2.will it work on xx12 screen


----------



## Fluid (Jun 20, 2005)

*Re: F*** Plasti's*

if you mean plasticol inks you will need an ind degradent to clean them. Mineral spirits will work but a true industry ink degradent is the best.
after you clean the ink and remove the stencil make sure you degrease the screen.


----------



## STURspoon (May 8, 2006)

*Re: F*** Plasti's*

well the reason im askin is becuase i want to keep this screen i fixin to make..... so after one time i use it i have to get rid of the >>> or i can leave the ink on there and just keep printing and printing


----------



## Fluid (Jun 20, 2005)

*Re: F*** Plasti's*

Plasticol ink needs to reach 310-320 degrees for a couple of seconds. Unless your shop is that hot you can keep the ink in the screen for quite some time. I would highly reccomend getting some press wipe and clearing out the image area when your not printing if the screen is to be left sitting for number of days. leaving the ink in the screens for long periods of tiem will cause the mesh to get a haze and can be a pain later down the road when burning new jobs.
But in short, YES you can just leave the ink in the screens as long as it is regular plasticol ink.


----------



## swannn32 (Sep 1, 2006)

Also, you can scrape off the blobs of ink and put back in the jar to use again, then clean out the remaining ink with mineral spirits or some sort of screen opener (comes in aerosol can). Either one of these product will take the ink off without harming the emulsion.

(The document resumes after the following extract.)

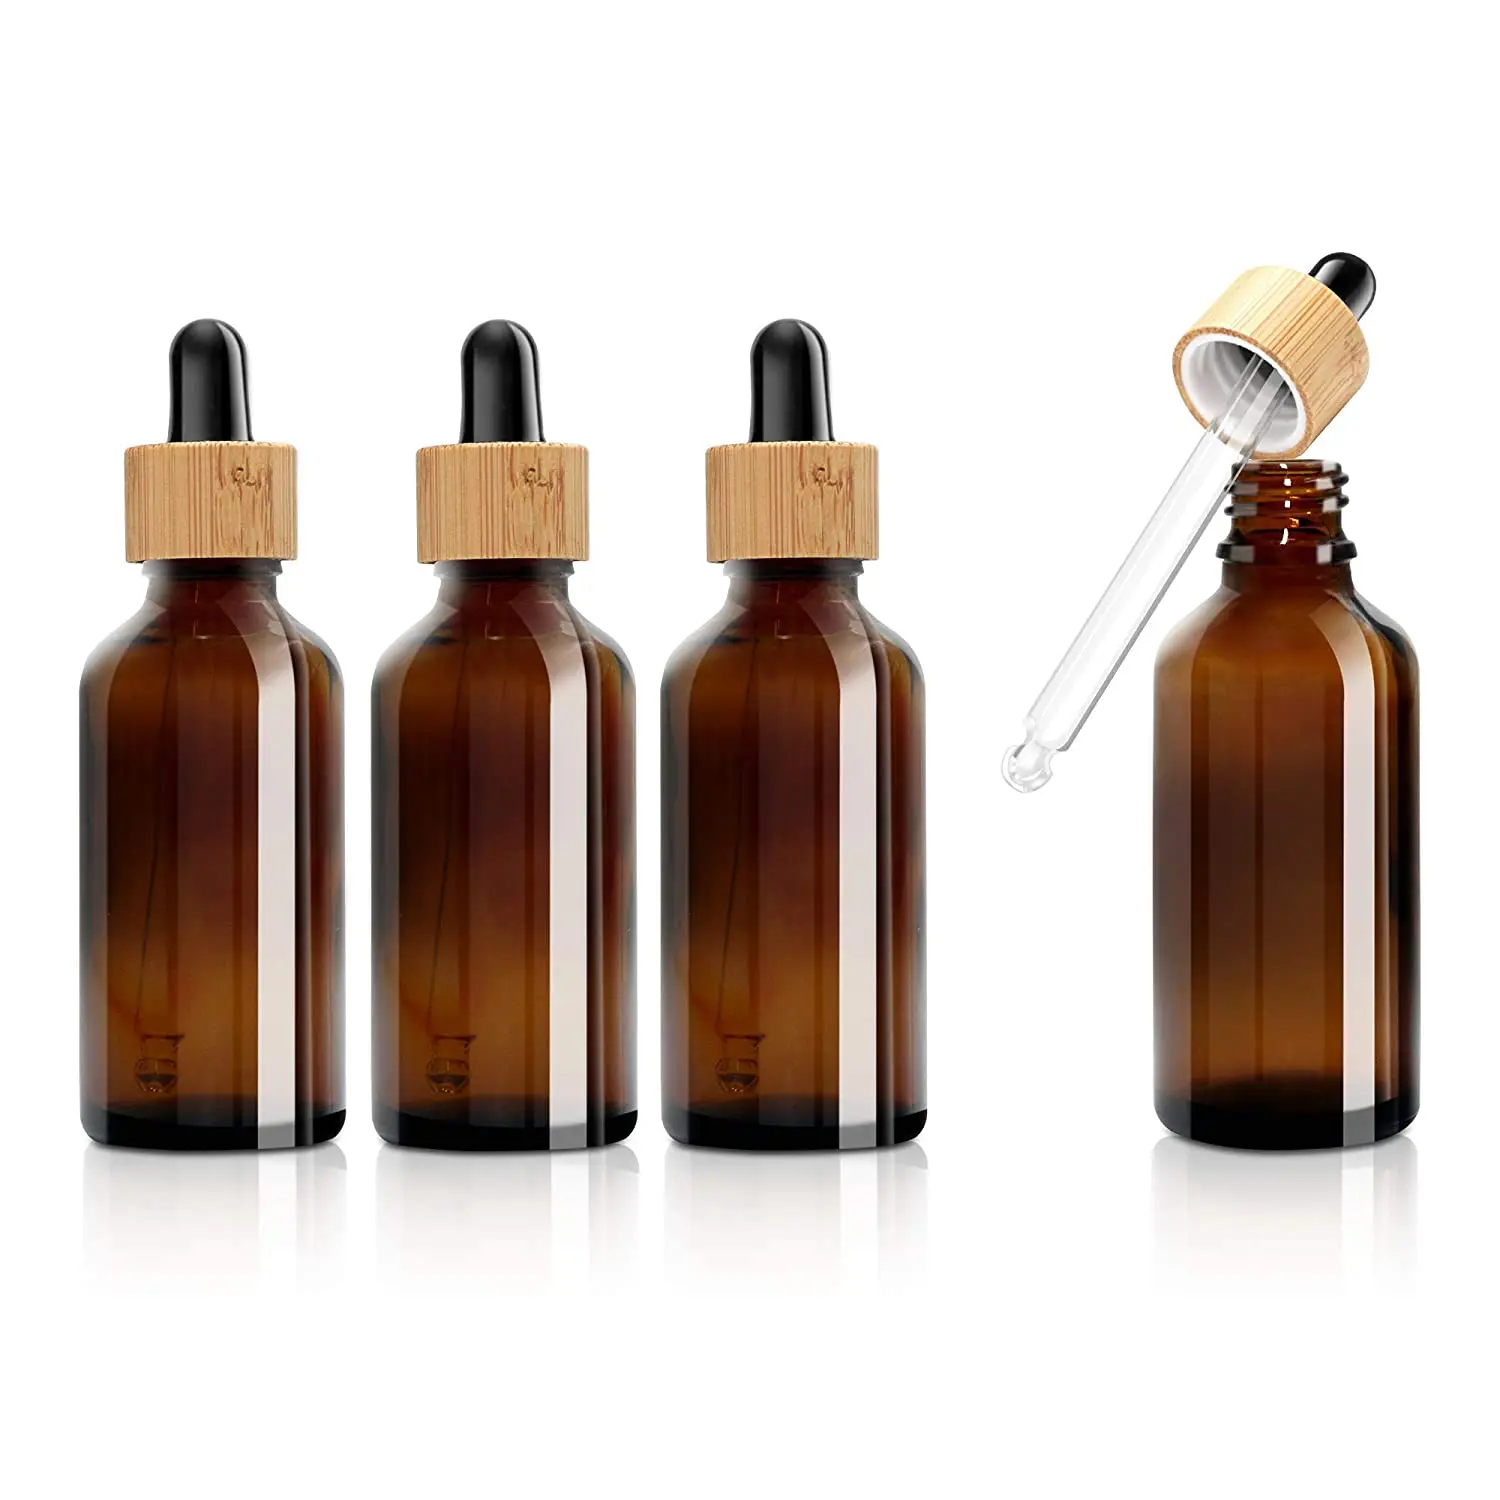 

4pcs Glass Dropper Bottles Essential Oil Bottles With Eye Dropper Lids Perfume Sample Vials Essence Liquid Cosmetic Containers

You can get screen opener from most screen printing supply companies. Mineral spirits you can get from any hardware/home repair store for paint remover.

From my local supply co. catalog. . .

Screen Opener Aerosol 
Fast acting and easy to use product designed to open dried up areas on
screens, works well on all types of screenprinting inks and leaves no
film. 
16oz can $ 4.22 ea, 
or
$ 2.91 ea. in case of 12


----------



## sajwal (Aug 16, 2006)

The best procedure i use to clean the screens and reuse them is:

1. After the printing is done, Remove all access ink from the screen immediately after the printing is done with the help of ink removing spoon.

2. Wet a cloth with any mineral spirit ..(Cold Thinner) .... and simply wipe the screen with it to make clear

3. Check for any subsided ink on the printed area by watching through the light and remove it with the cloth.

4. Take a dry cloth to wipe the screen again

5. rinse the screen again with mineral spirt till you see the screen is clear now

6. Take a brown paper and rub the paper from both the sides of the screen gently to absorb the excess mineral spirit

7. Keep the screen in some dry place.

Note : when you reuse the screen. Rinse the screen with mineral spirit again before applying the ink...It helps to restore the quality of printing.

*DO NOT USE WATER AT ALL FOR PLASTISOLS.*


----------



## [email protected] (Oct 11, 2006)

If you use mineral spirits you stand the chance of locking the emulsion in the mesh of the screen. After that, it is really hard to reclaim the screen. Get some of the citrus based ink degeradients and screen washes (Franmar has a whole series of soy based products that work well) and stay away from the petroleum distillates which are considered "HOT" solvents. Mineral spirits, on top of all that is not good for your health.
Al L


----------



## swannn32 (Sep 1, 2006)

I have never had a problem with the mineral spirits "locking the emulsion in the mesh". But it is possible I guess. 

The Franmar products are good products, but mineral spirits is a much less expensive cleaner (unless it reacts with your emulsion, as mentioned above - has never, ever been a problem for me though).

And you just wear gloves and clean your screens outside or with a fan blowing air out a window - to pull the fumes away.


----------



## tommcm1200! (Nov 13, 2006)

Thanks for all the advice everyone!!!! I am now going to give plastisol a go.....wish me luck


----------